On Wednesday, they appeared poised to get a small reward for their loyalty: Tesla jumped as much as 6.6% soon after the market’s open. But the shares gave back almost all those gains by late morning, threatening to extend a seven-day losing streak that has driven them down 70% this year and erased almost $720 billion from the company’s stock-market capitalisation.

The drubbing has been fueled by rising interest rates that battered growth stocks, worries that demand will erode if there’s a recession, and concerns that Musk’s acquisition of Twitter will divert his attention and increase his sales of Tesla stock to keep the social-media company afloat. The drop had made it the third-worst performer in the S&P 500 Index this year.

Yet for Tesla’s diehard fans among retail investors, the risks to electric-vehicle demand or Musk’s preoccupation with Twitter haven’t been enough to sour them on a stock that became one of Wall Street’s highest fliers during the pandemic.

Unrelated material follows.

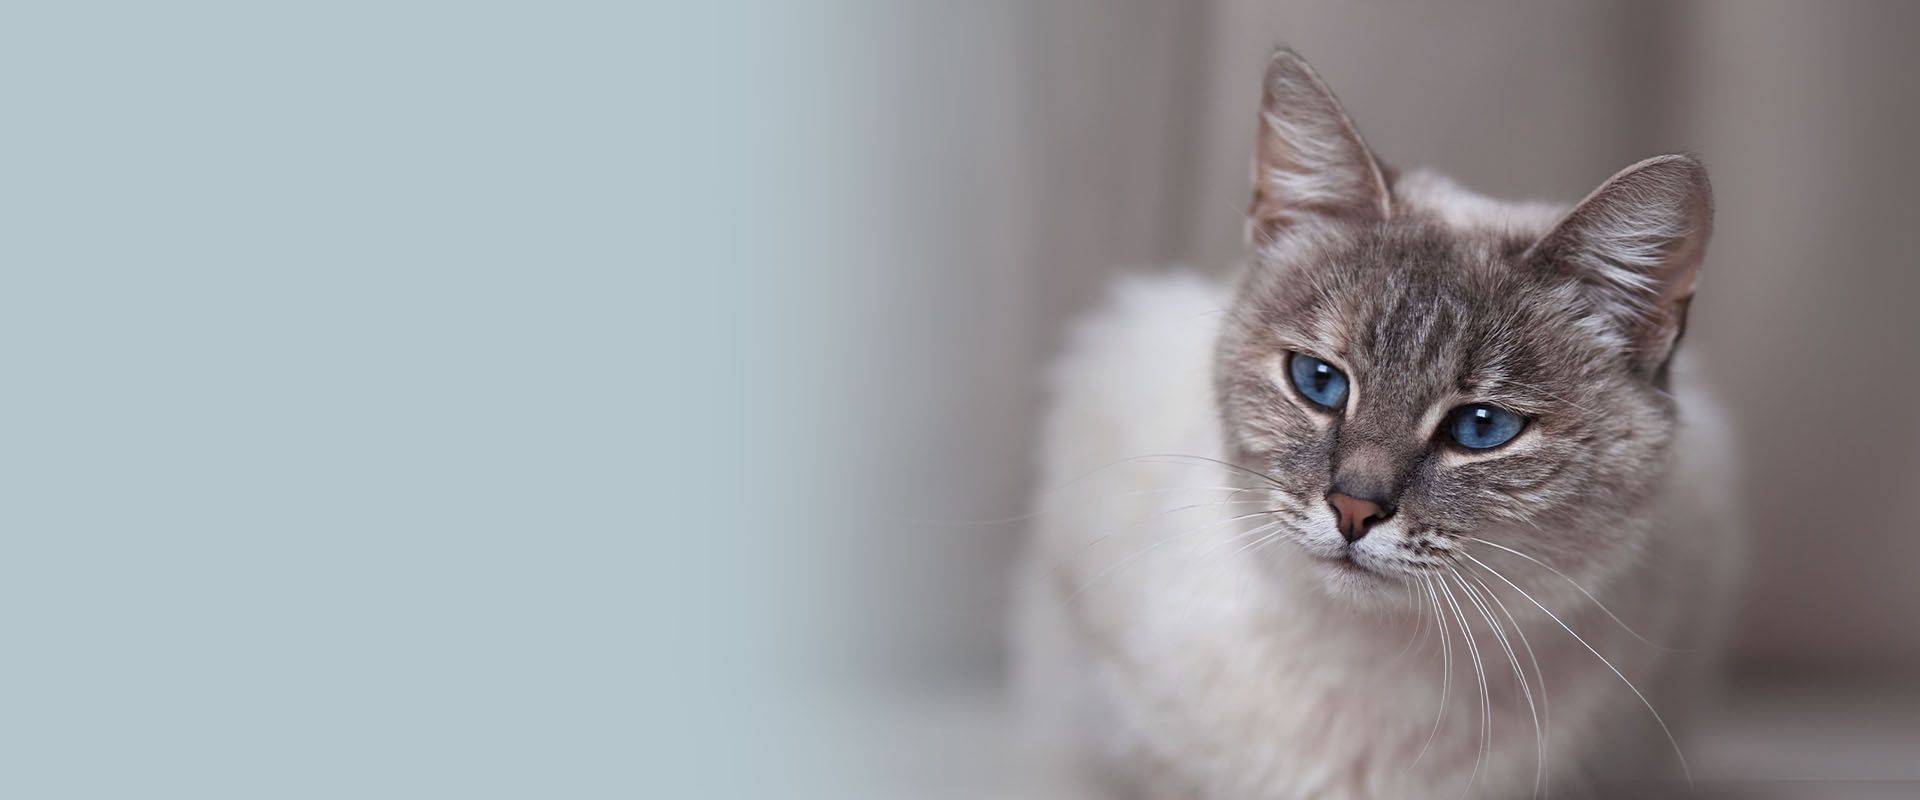 Siamese cat with a blurry gray background

“Retail investors have bought more Tesla stock over the last 6 months than they have done overall in the 60 months prior to this,” Vanda’s senior strategist Viraj Patel said. “For institutional investors, it’s a seller’s paradise when you have a buyer that is clearly not reading the fundamental signals.”

On Tuesday, Tesla was hit by an 11% slump on fresh concerns about a production halt at its Shanghai plant and last week’s report that Tesla is offering US consumers a hefty $7,500 discount to take delivery of its cars before year-end.
That fueled concerns about eroding demand ahead of fourth-quarter delivery numbers expected in early January. Estimates have been coming down in recent weeks, and on Wednesday Baird analyst Ben Kallo was the latest to lower his, citing the “potential for weakening of demand.”

Growth stocks overall have been hammered this year, with the Nasdaq 100 slumping 33% as the Federal Reserve hiked interest rates aggressively to tame inflation.